Cake is a flour confection made from flour, sugar, and other ingredients, and is usually baked. In their oldest forms, cakes were modifications of bread, but cakes now cover a wide range of preparations that can be simple or elaborate, and which share features with desserts such as pastries, meringues, custards, and pies.

The most common ingredients include flour, sugar, eggs, fat (such as butter, oil or margarine), a liquid, and a leavening agent, such as baking soda or baking powder. Common additional ingredients include dried, candied, or fresh fruit, nuts, cocoa, and extracts such as vanilla, with numerous substitutions for the primary ingredients. Cakes can also be filled with fruit preserves, nuts or dessert sauces (like custard, jelly, cooked fruit, whipped cream or syrups), iced with buttercream or other icings, and decorated with marzipan, piped borders, or candied fruit.

Cake is often served as a celebratory dish on ceremonial occasions, such as weddings, anniversaries, and birthdays. There are countless cake recipes; some are bread-like, some are rich and elaborate, and many are centuries old. Cake making is no longer a complicated procedure; while at one time considerable labor went into cake making (particularly the whisking of egg foams), baking equipment and directions have been simplified so that even the most amateur of cooks may bake a cake.

History
The term "cake" has a long history. The word itself is of Viking origin, from the Old Norse word "kaka".

The ancient Greeks called cake πλακοῦς (plakous), which was derived from the word for "flat", πλακόεις (plakoeis). It was baked using flour mixed with eggs, milk, nuts, and honey. They also had a cake called "satura", which was a flat heavy cake. During the Roman period, the name for cake became "placenta" which was derived from the Greek term. A placenta was baked on a pastry base or inside a pastry case.

The Greeks invented beer as a leavener, frying fritters in olive oil, and cheesecakes using goat's milk. In ancient Rome, the basic bread dough was sometimes enriched with butter, eggs, and honey, which produced a sweet and cake-like baked good. Latin poet Ovid refers to his and his brother's birthday party and cake in his first book of exile, Tristia.

Early cakes in England were also essentially bread: the most obvious differences between a "cake" and "bread" were the round, flat shape of the cakes, and the cooking method, which turned cakes over once while cooking, while bread was left upright throughout the baking process.

Sponge cakes, leavened with beaten eggs, originated during the Renaissance, possibly in Spain.

Cake mixes

During the Great Depression, there was a surplus of molasses and the need to provide easily made food to millions of economically depressed people in the United States. One company patented a cake-bread mix to deal with this economic situation, and thereby established the first line of cake in a box. In so doing, cake, as it is known today, became a mass-produced good rather than a home- or bakery-made specialty.

Later, during the post-war boom, other American companies (notably General Mills) developed this idea further, marketing cake mix on the principle of convenience, especially to housewives.
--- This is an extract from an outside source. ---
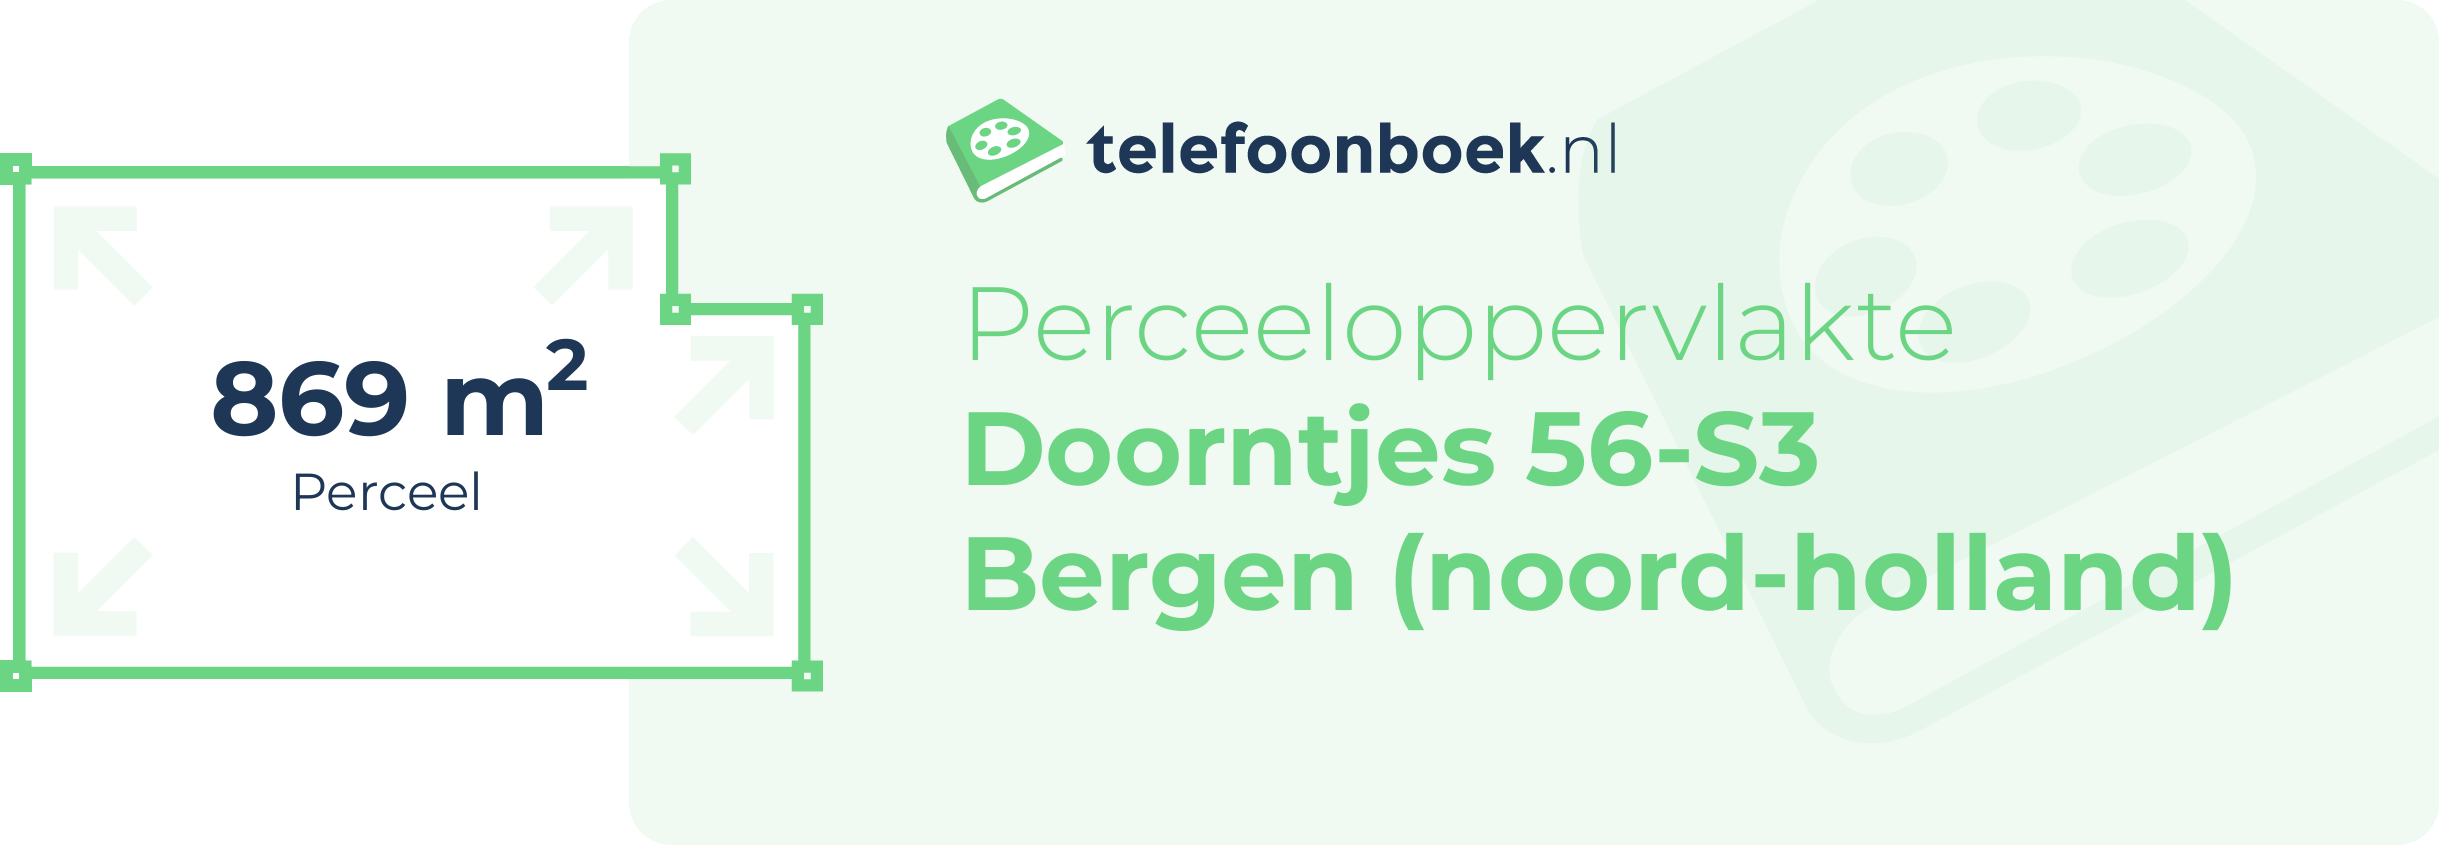 Perceeloppervlakte Doorntjes 56-S3 Bergen (Noord-Holland)

When sales dropped heavily in the 1950s, marketers discovered that baking cakes, once a task at which housewives could exercise skill and creativity, had become dispiriting. This was a period in American ideological history when women, retired from the war-time labor force, were confined to the domestic sphere, while still exposed to the blossoming consumerism in the US. This inspired psychologist Ernest Dichter to find a solution to the cake mix problem in the frosting. Since making the cake was so simple, housewives and other in-home cake makers could expend their creative energy on cake decorating inspired by, among other things, photographs in magazines of elaborately decorated cakes.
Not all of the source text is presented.